Jesus didn’t just talk about how important it was to take care of the poor, He modeled it too. Other than the disciples, Jesus spent the majority of His time with the outcasts of society: lepers, tax collectors, prostitutes and the poor. He spent little time with those who were highly esteemed by the culture, such as the religious leaders and the rich. He valued the poor for who they were, and he told the people that they should esteem them highly too. For example, He said, “when you put on a banquet, don’t invite your friends, brothers, relatives and rich neighbors. For they will invite you back and that will be your only reward. Instead, invite the poor, the crippled, the lame and the blind. Then at the resurrection of the righteous, God will repay you for inviting those who could not repay you” (Luke 12: 12-14). It’s precisely because they cannot repay you in any way that serving the poor has great value. This is because it models something very important about our relationship to God—His unconditional, no strings attached, love for each of us—regardless of what we could repay back to Him (obviously nothing!).

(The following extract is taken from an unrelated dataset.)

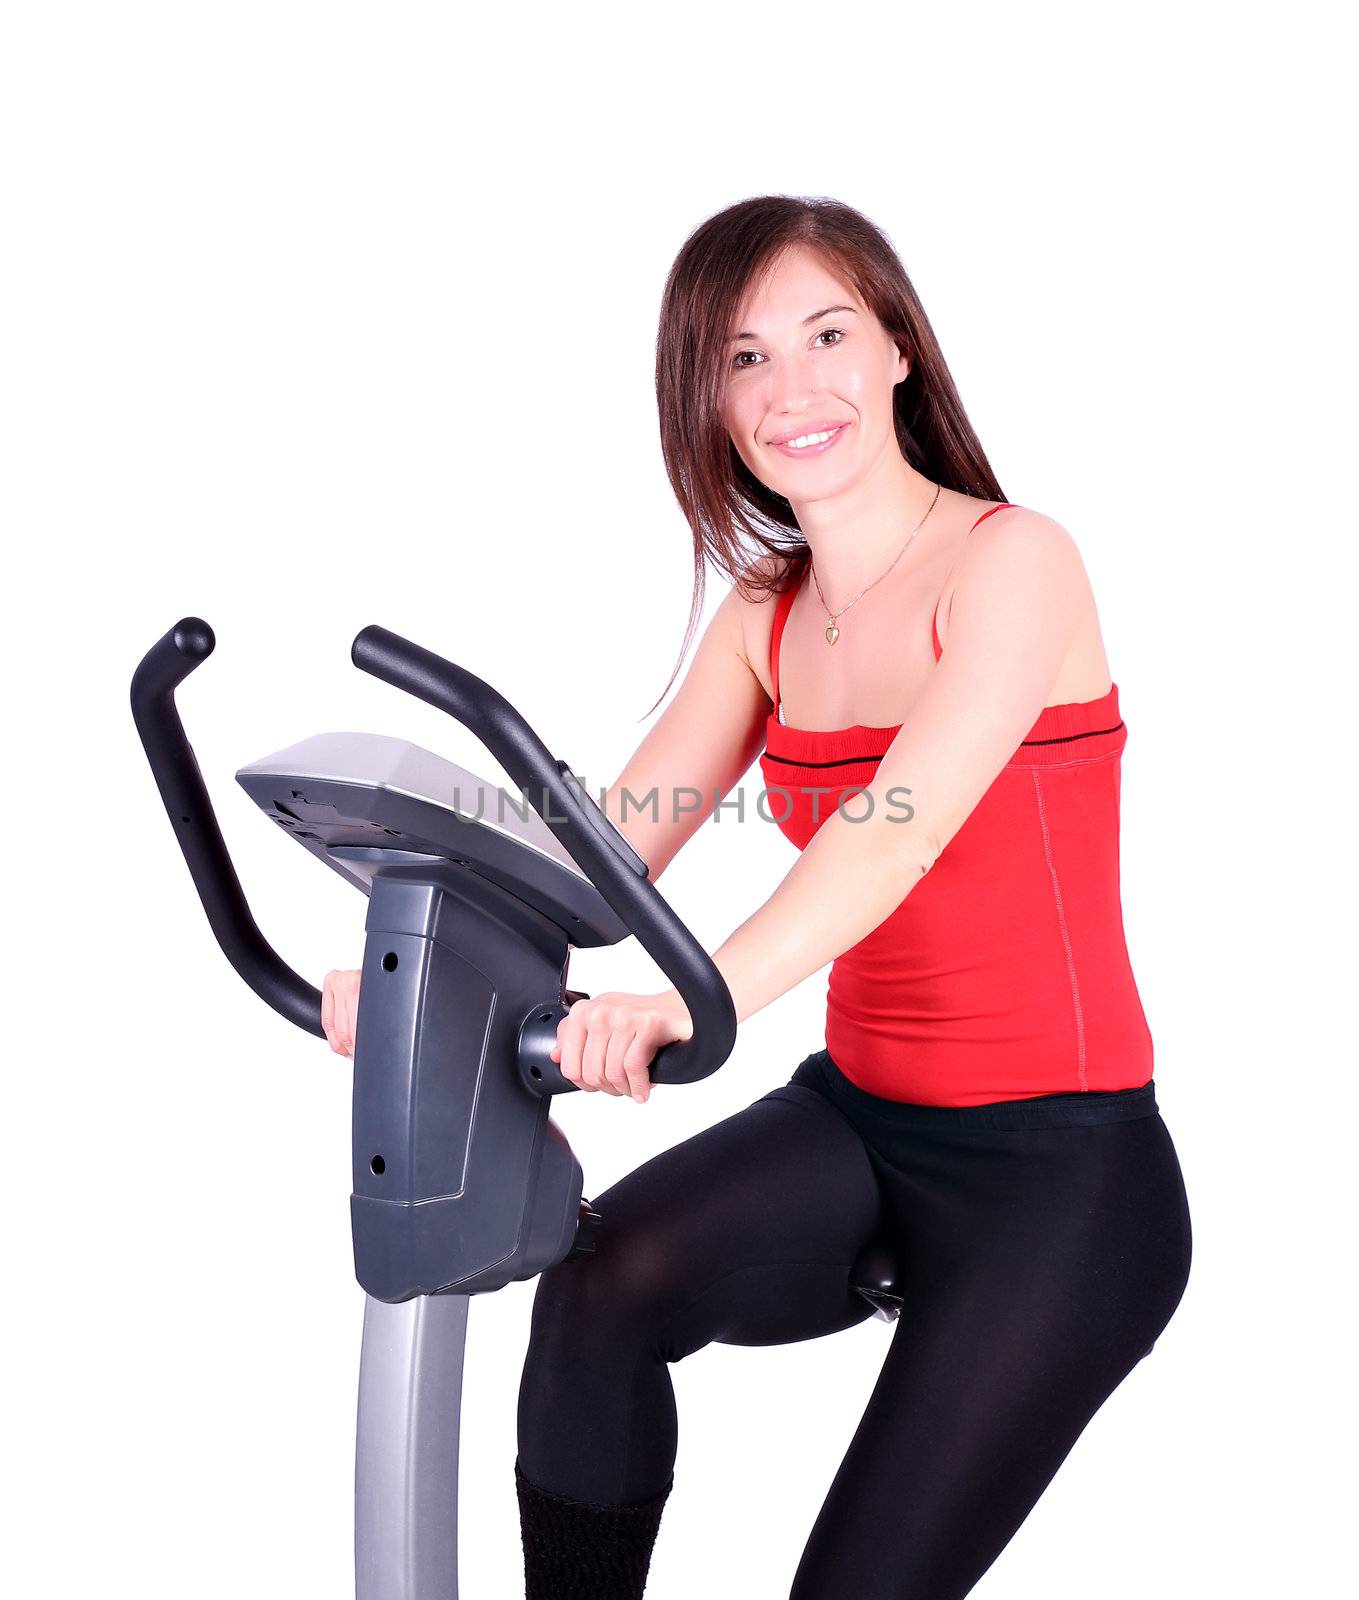 girl exercise with fitness cross trainer by goce

Consistent with the message of the wisdom literature, many of Jesus’ parables were drawn from the everyday world of work and economic life. The use of these parables also affirms the other main emphasis of the Old Testament when it comes to economics: the notion of personal responsibility for one’s own material support. For example, the parable of the sower compared a person’s reception of the Kingdom of God to scattering seed among different types of soils (Matt. 13:1-23), and the parable of the wheat and tares is about a field that produces mixed results despite the best efforts of the owner (Matt. 13:24-30). Other parables compare God’s Kingdom to fishing (Matt. 13:47-52), tending sheep (Luke 15:1-7) and shrewd business management (Luke 16:1-9). Jesus also compares the Kingdom to business, in which resources are effectively put to use in order to generate a profit. This well-known parable of the talents assumes that it’s legitimate to seek a profit and to work hard to deploy a person’s financial resources to make that happen (Matt. 25:14-30, Luke 19:11-26), again emphasizing the notion of personal responsibility in continuity with the Old Testament wisdom literature. It would also seem to assume that accumulating wealth is not intrinsically a problem, though a person should be careful to avoid the predicament of the rich fool, who put his trust in his accumulated wealth (Luke 12:13-21).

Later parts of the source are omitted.